Quadruple assistant who does exhibition well
The project INDIHU coordinated by the Library of the Czech Academy of Sciences comprises four applications that help scientists, students and professionals from the cultural sphere  work more efficiently. It is INDIHU Exhibition – a creative tool for arranging virtual exhibitions that is probably the most interesting for museums. Since its launch in 2020, it has been exploited by, e.g. the National Museum; also the Olomouc Museum of Art and other smaller or larger institutions have been cooperating.

Included in the project, the database Index making dozens of digitized sources accessible not only from the institutions of the Czech Academy of Sciences facilitates research. Users can use the tool Mind for their scientific work, which enables data, information and knowledge gathering. The four are added to by a tool for turning a text in image into editable document that supports eight languages incl. Latin.

Chemistry in service of the history preservation
Seemingly, physical chemistry has a very little in common with museums. Following the legacy of Czech Nobel Laureate, the scientists in the J. Heyrovský Institute of Physical Chemistry, the Czech Academy of Sciences, have developed micro-emulsions and gels for cleaning a surface of historical material. They remove gently and effectively acrylic or vinyl polymers, waxes, oils and other undesirable substances on the surfaces of historical artefacts. They damage neither objects nor human health during restoration.

Museum collections as a helper in research
The Czech biologists from the Czech Academy of Sciences have discovered a new species of frog in Congo, which is relatively rare in Africa. Some of acquired samples and zoological collections will be housed in a museum. Vice versa, museums in general can significantly help scientists in their examination thanks to their vast collections from various branches.

It was also the X-ray micro-tomography machine from the Institute of Theoretical and Applied Mechanics, the Czech Academy of Sciences that was used while discovering and describing frogs in Congo.
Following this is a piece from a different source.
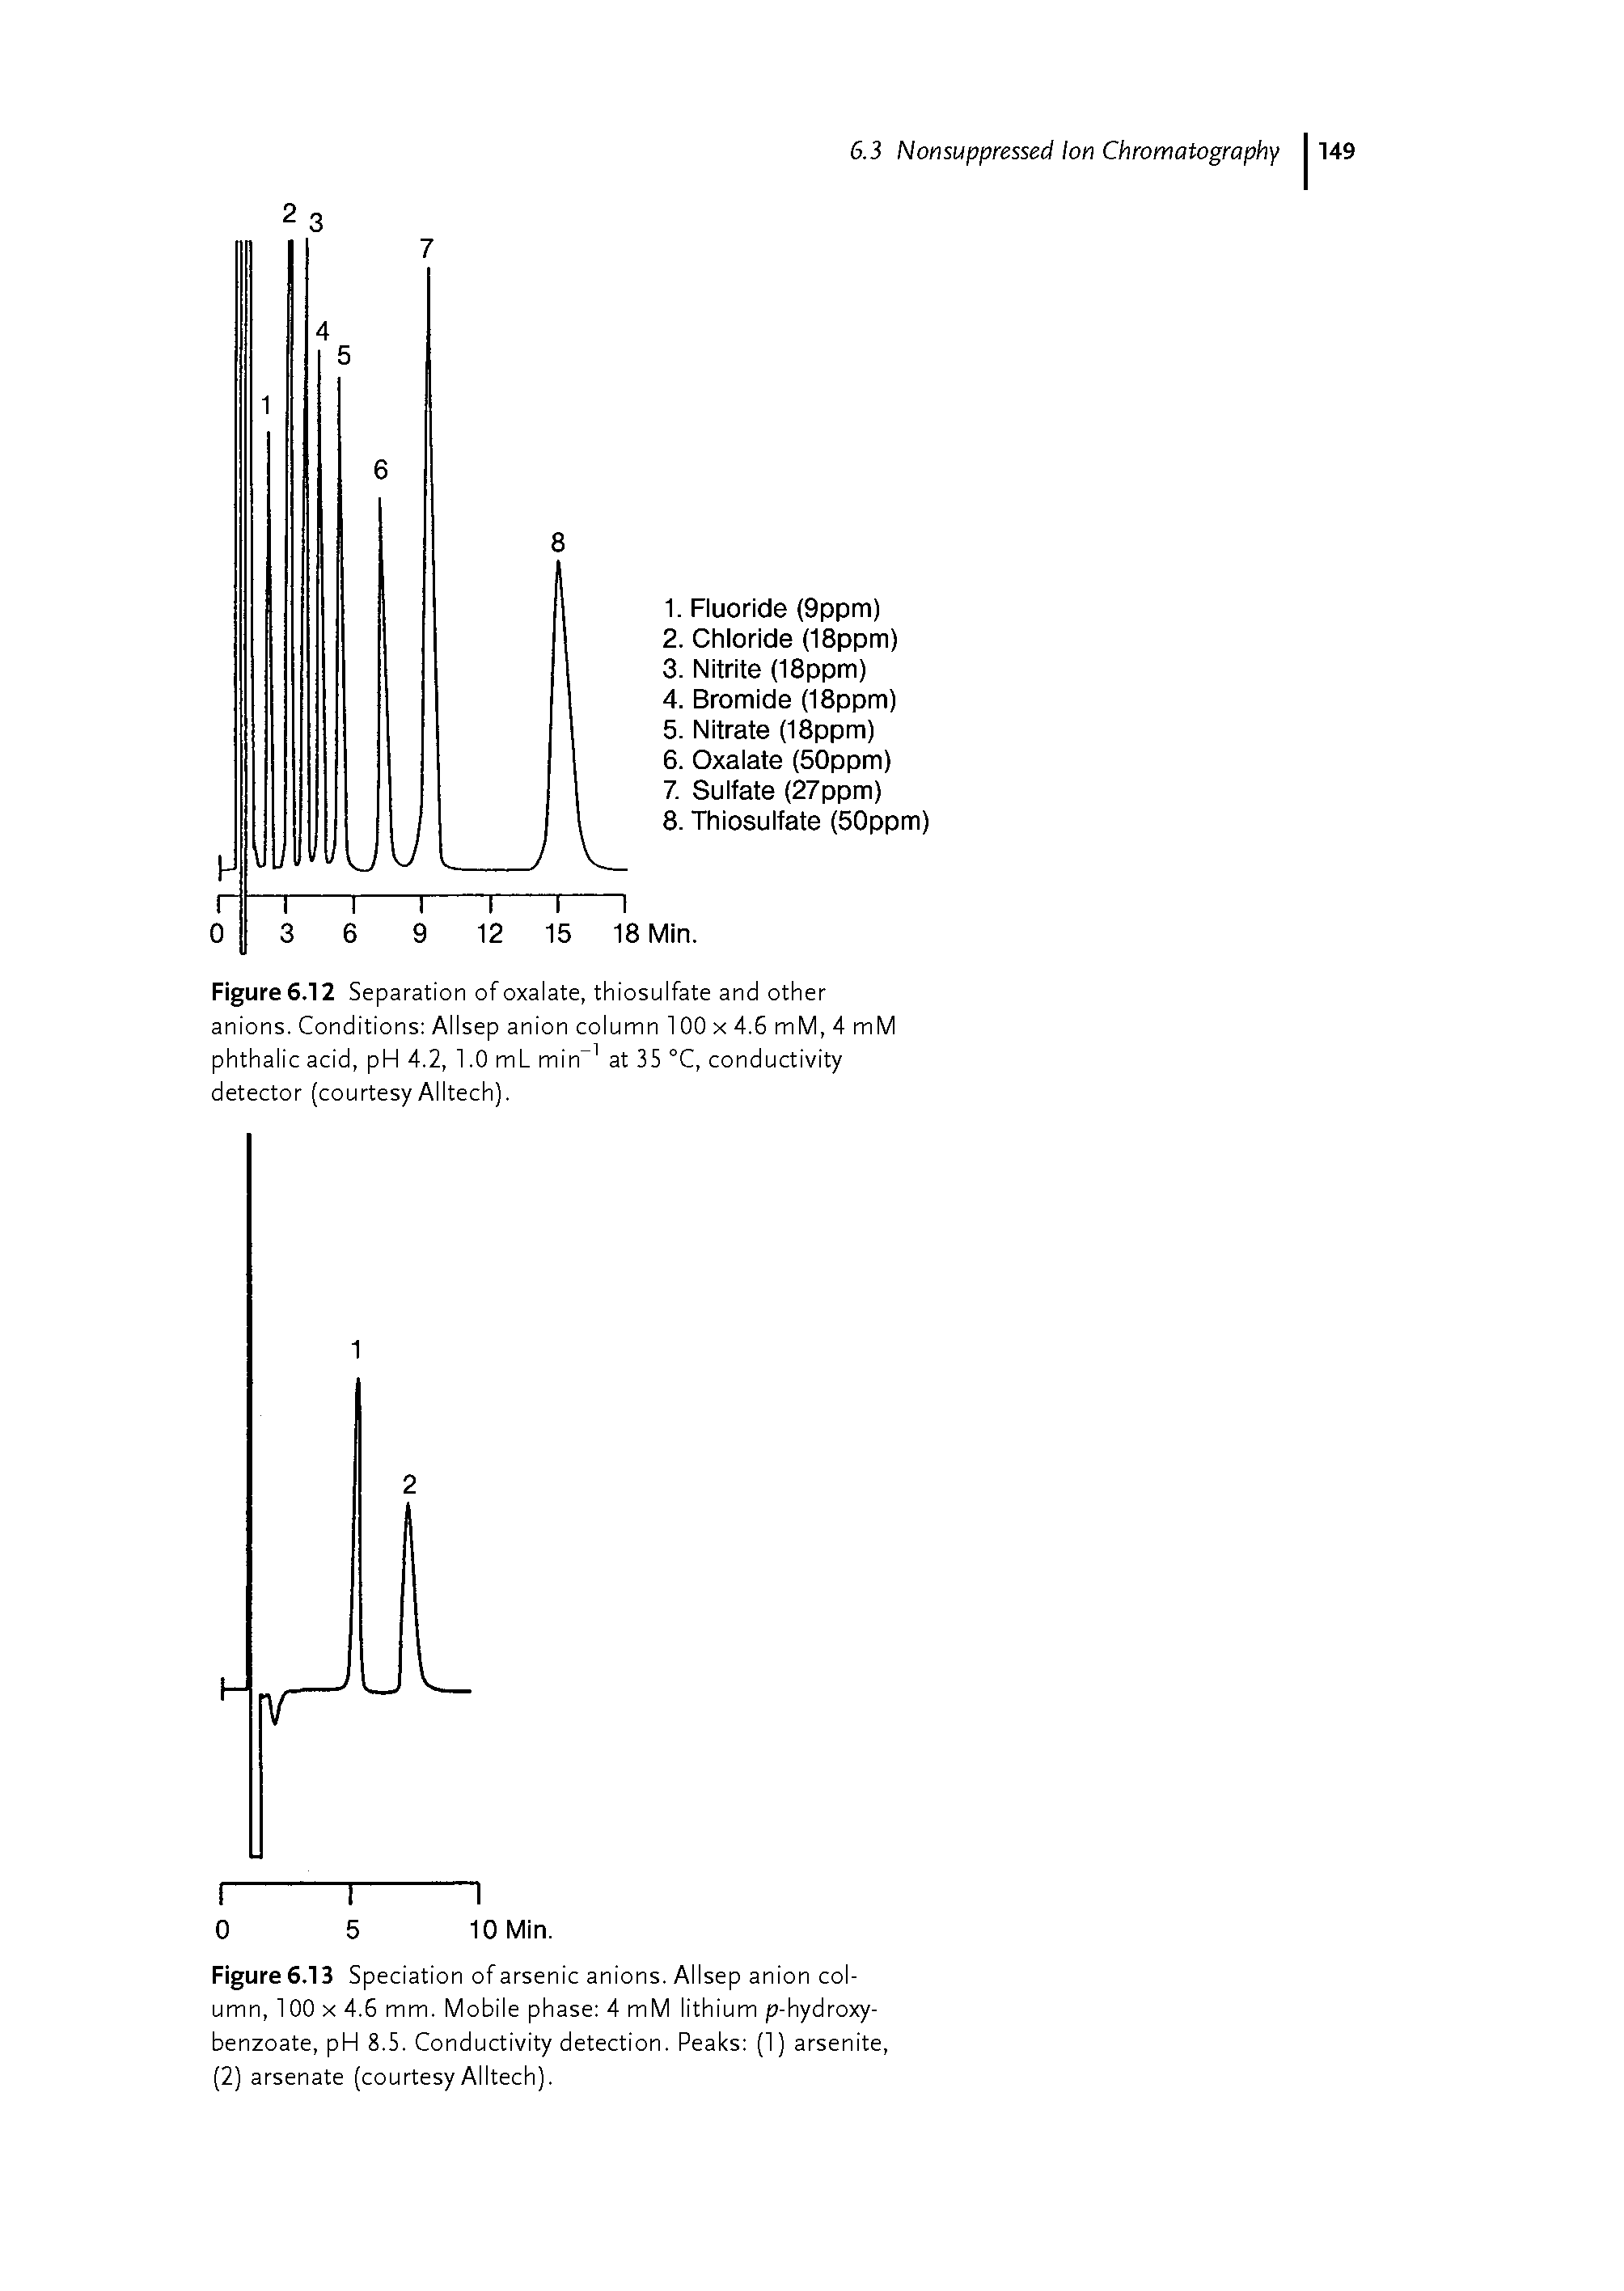 Figure 6.13 Speciation of arsenic anions. Allsep anion column, 100x4.5 mm. Mobile phase 4 mM lithium p-hydroxy-benzoate, pH 8.5. Conductivity detection. Peaks (1) arsenite, (2) arsenate (courtesy Alltech).

The same machine once helped to decipher the curse tables Iseum and Bartók Terem in cooperation with the Savaria Museum in Szombathely, Hungary.

“It is great that science has been discovering ways that may not only help how to understand the present time, and how and what to do in the future, but together with museums it adds to the preservation and the development of the cultural heritage of the past,” emphasises member of the Academy Council, the Czech Academy of Sciences Tomáš Kostelecký.

What proves that the cooperation between museums and the Czech Academy of Sciences is important and beneficial is the fact that the Institute of Art History of the Czech Academy of Sciences has been an ICOM member for long, and as an important partner in the spheres of research and methodical and methodological support it cooperates with many art museums in the Czech Republic.